[Opening Provided material section]
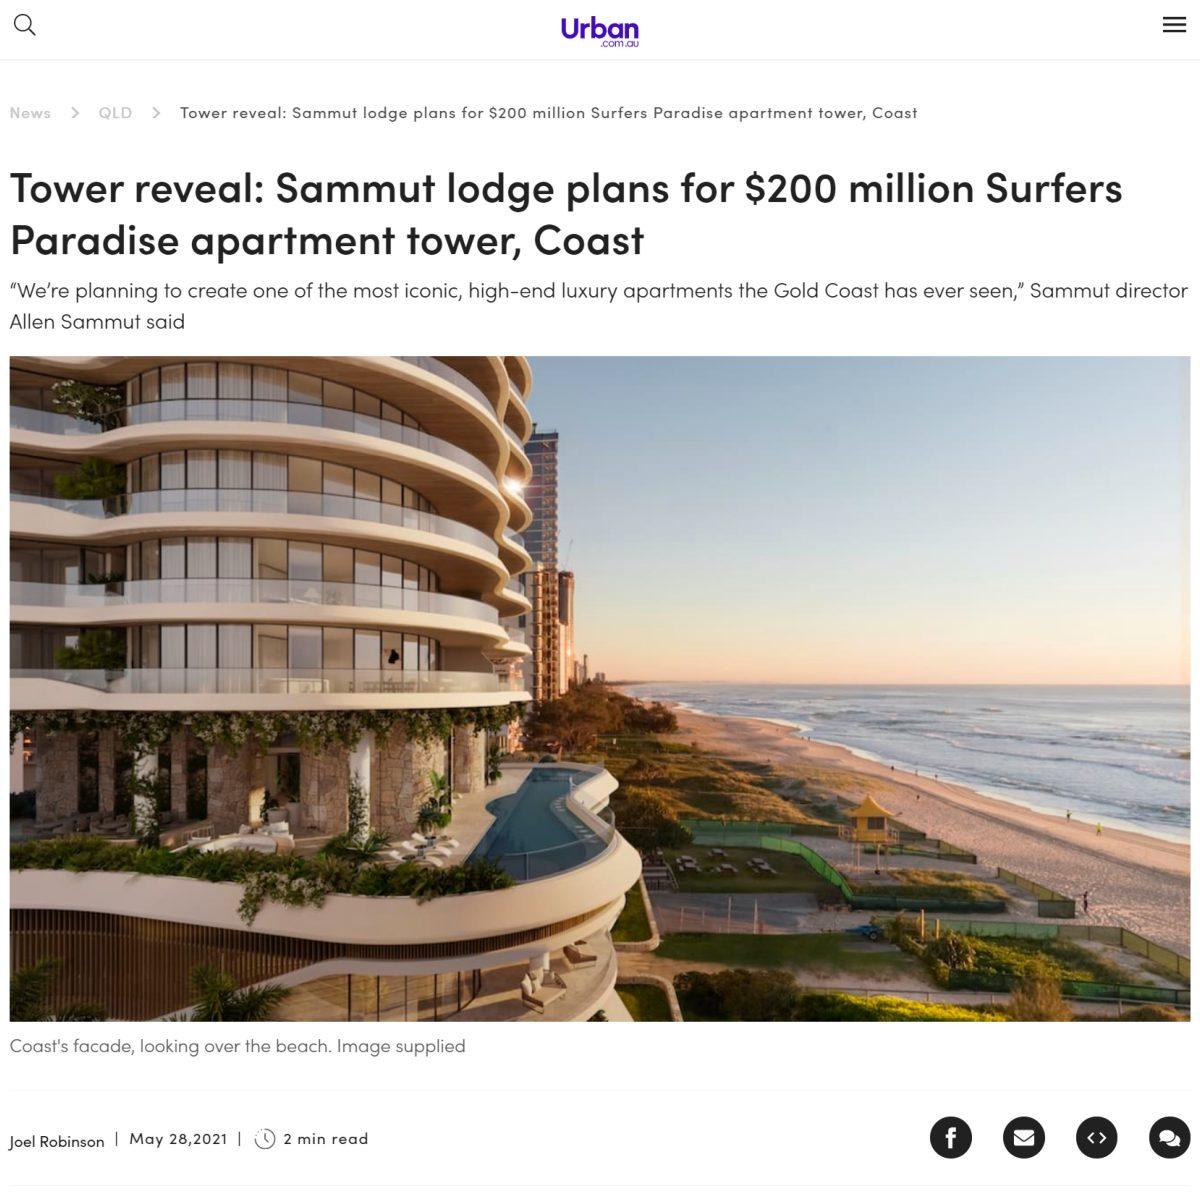 Tower reveal: Sammut lodge plans for $200 million Surfers Paradise apartment tower, Coast
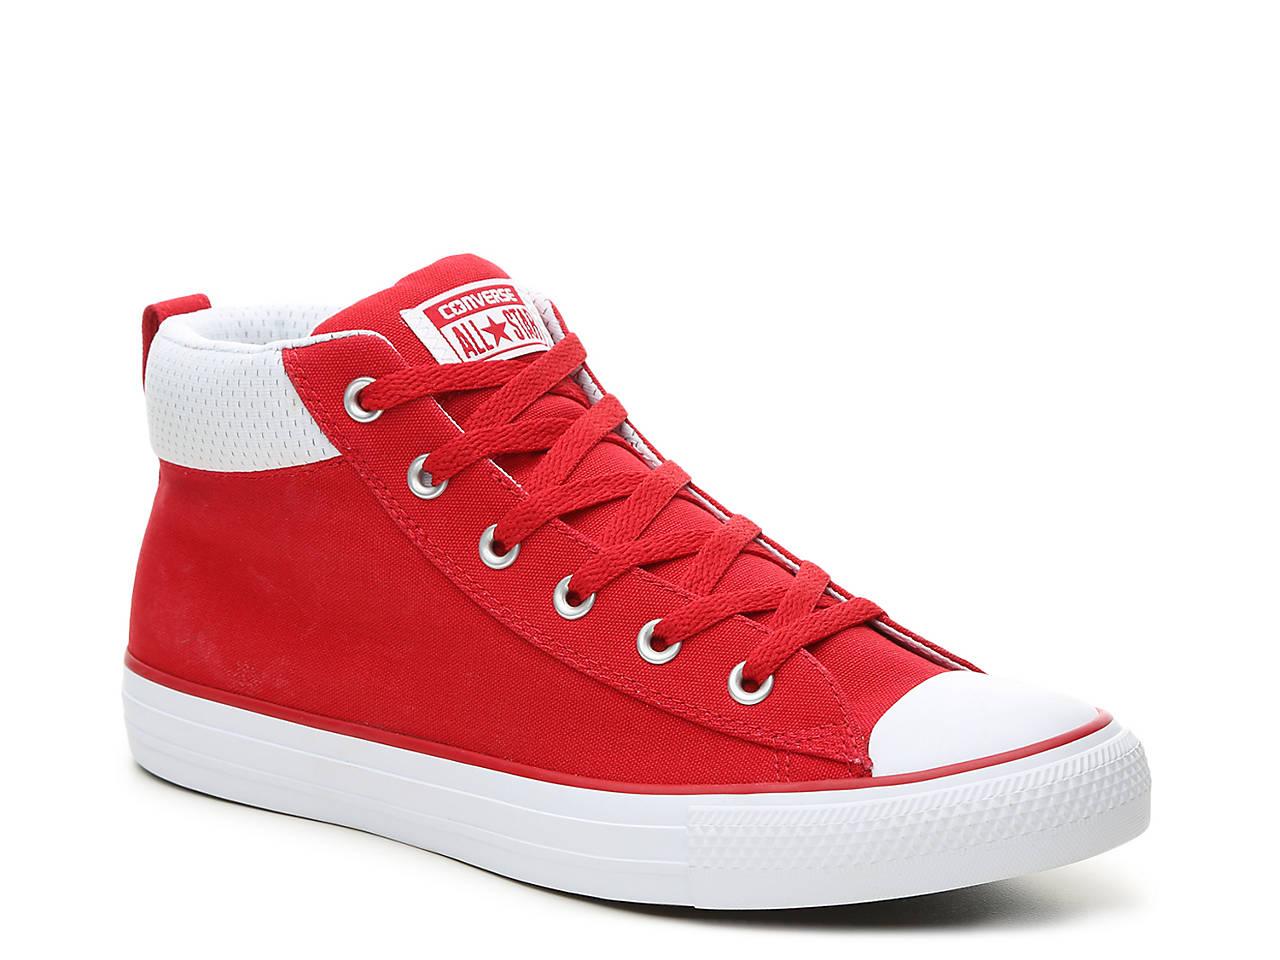 7973056cb389 Converse Chuck Taylor All Star Street Mid-Top Sneaker - Women s ...
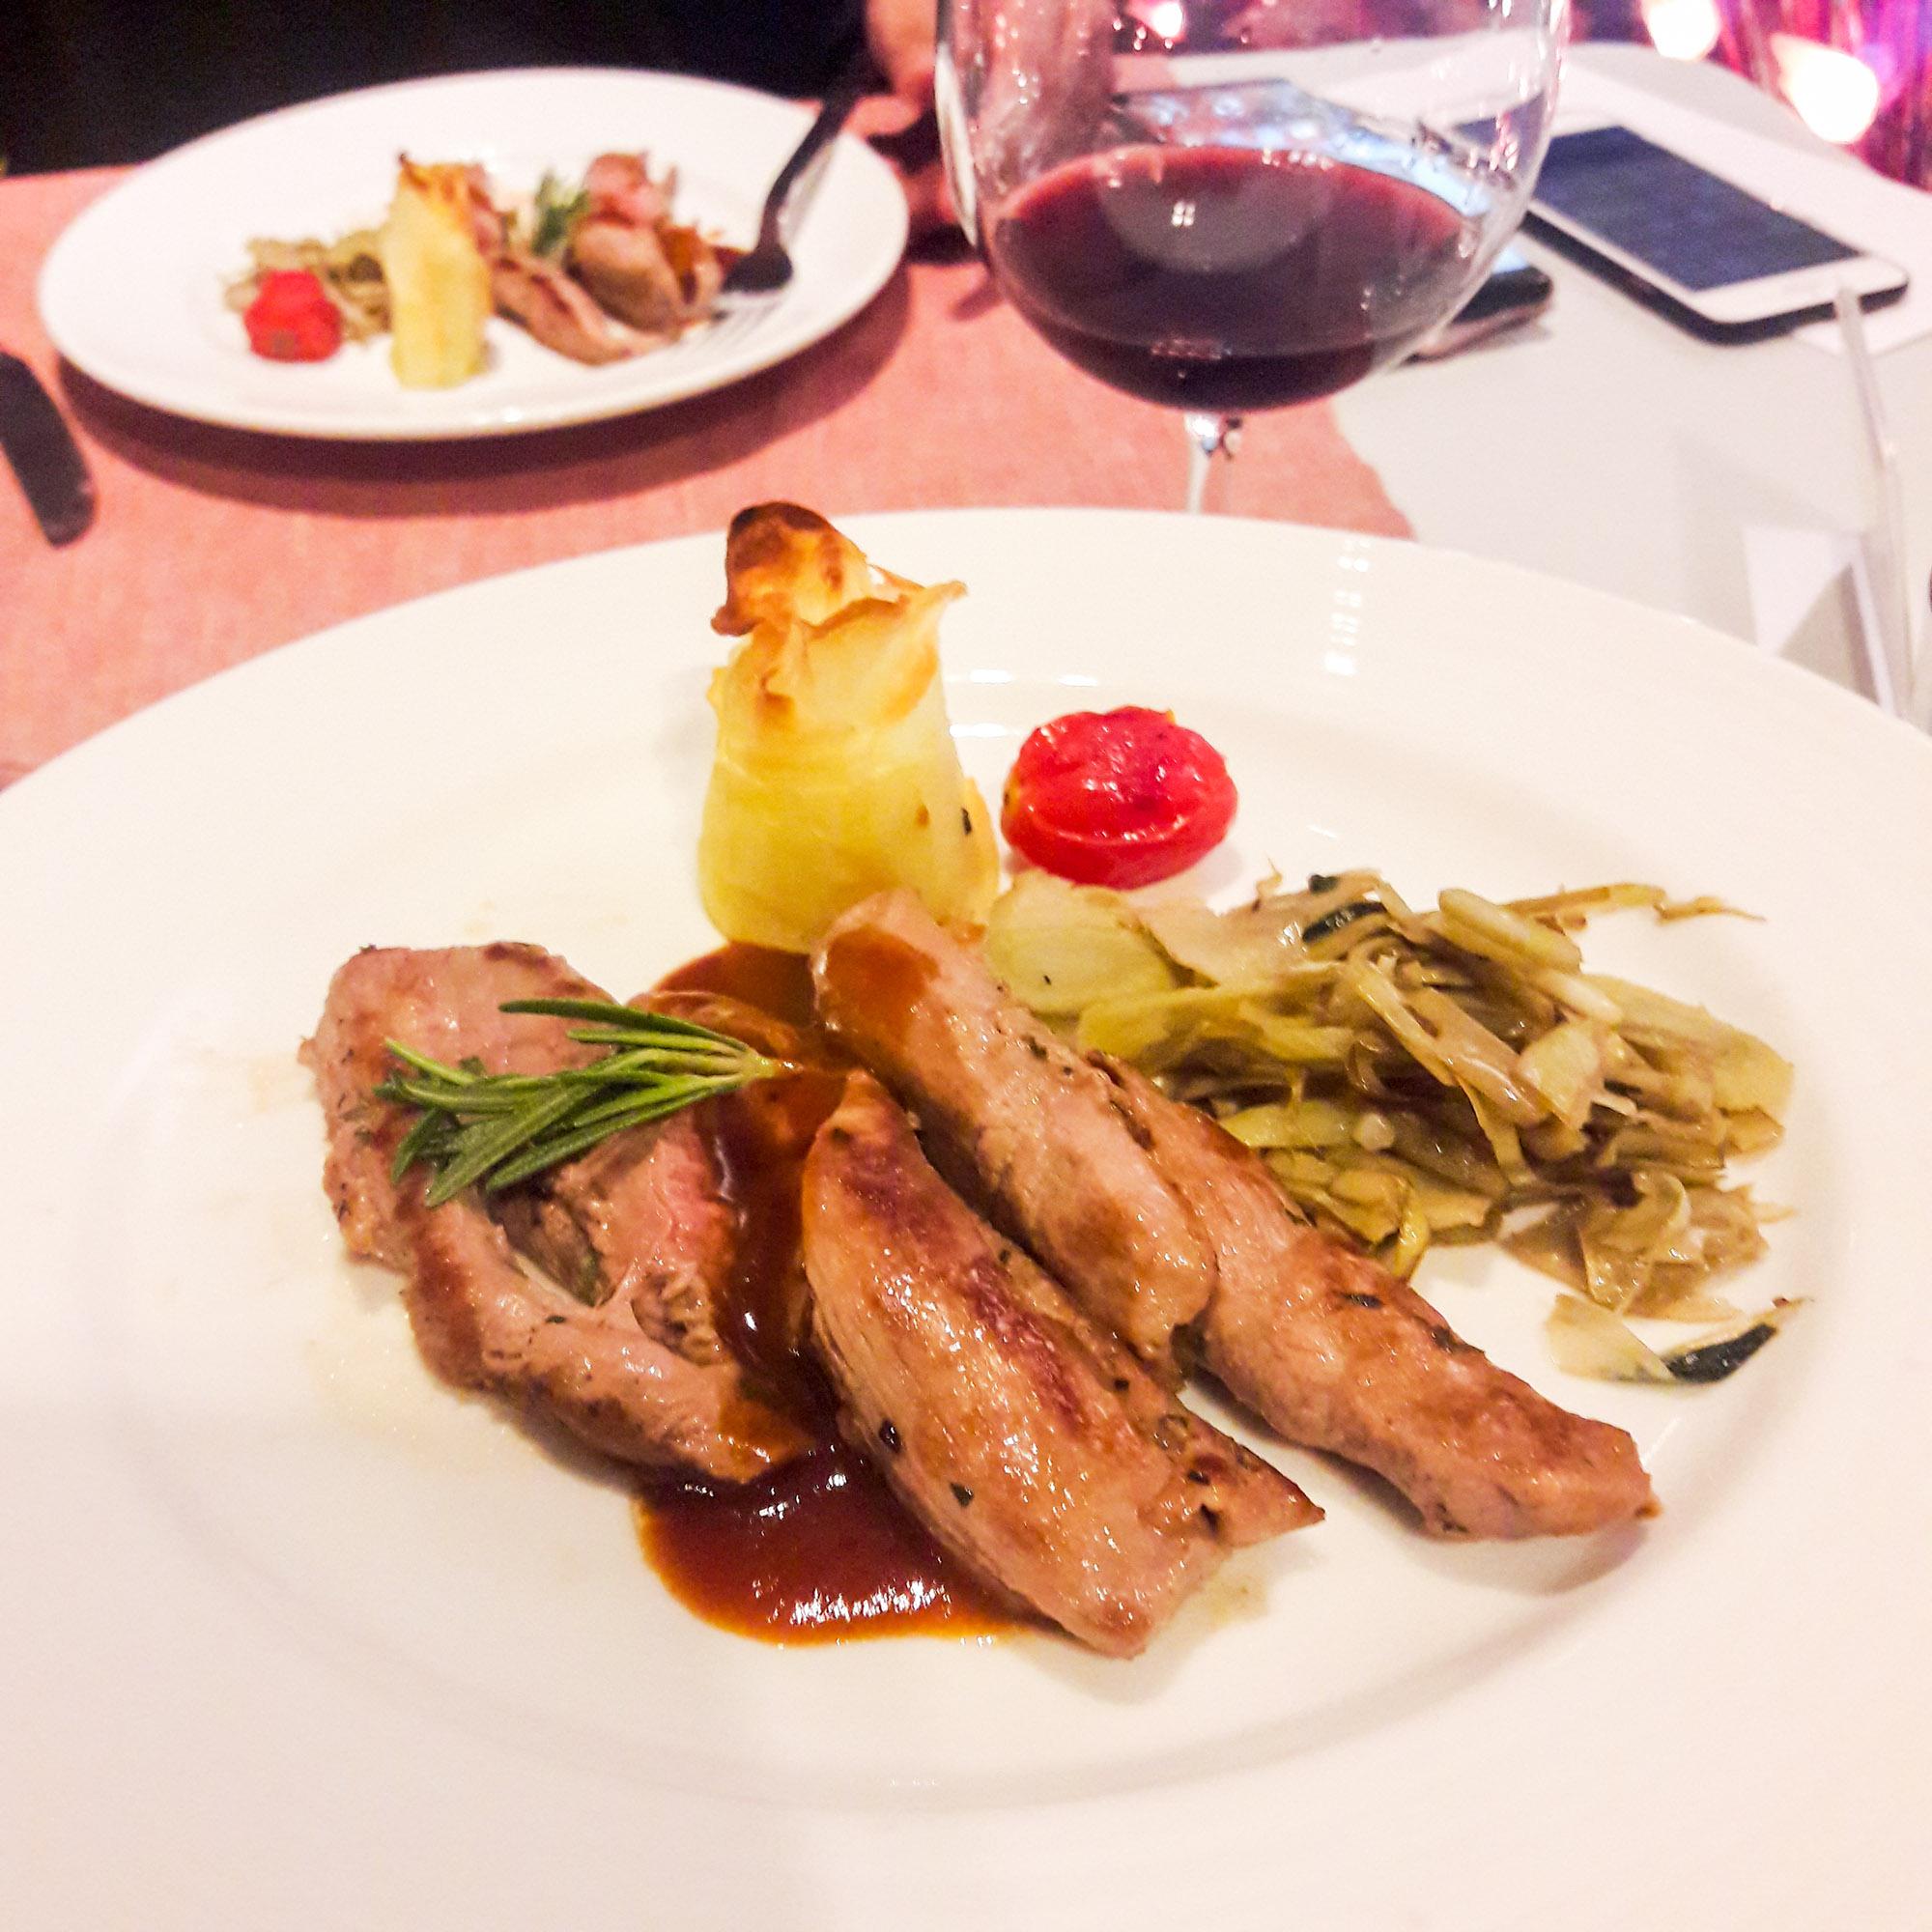 Calderazzo on 31 สุขุมวิท ร้านอาหารอิตาเลี่ยน  Calderazzo on 31 อาหารอิตาเลี่ยนแท้ๆ จัดแพริ่งไวน์ และ Grand Opening 20180510 212611
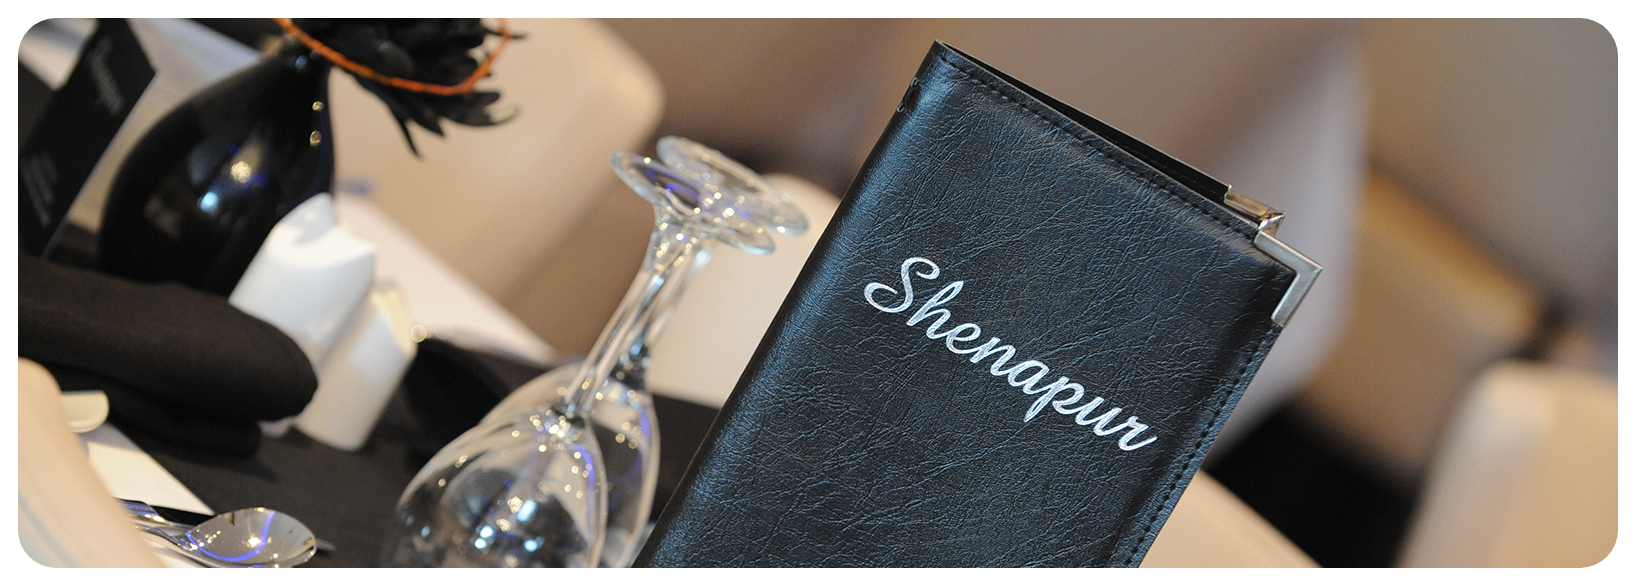 Shenapur Restaurant & Takeaway
[Closing Provided material section]
* _Task instructions_
Set the listing above down again exactly, leaving pictures out.

* _Written response_
 Tower reveal: Sammut lodge plans for $200 million Surfers Paradise apartment tower, Coast
 7973056cb389 Converse Chuck Taylor All Star Street Mid-Top Sneaker - Women s ...
 Calderazzo on 31 สุขุมวิท ร้านอาหารอิตาเลี่ยน  Calderazzo on 31 อาหารอิตาเลี่ยนแท้ๆ จัดแพริ่งไวน์ และ Grand Opening 20180510 212611
 Shenapur Restaurant & Takeaway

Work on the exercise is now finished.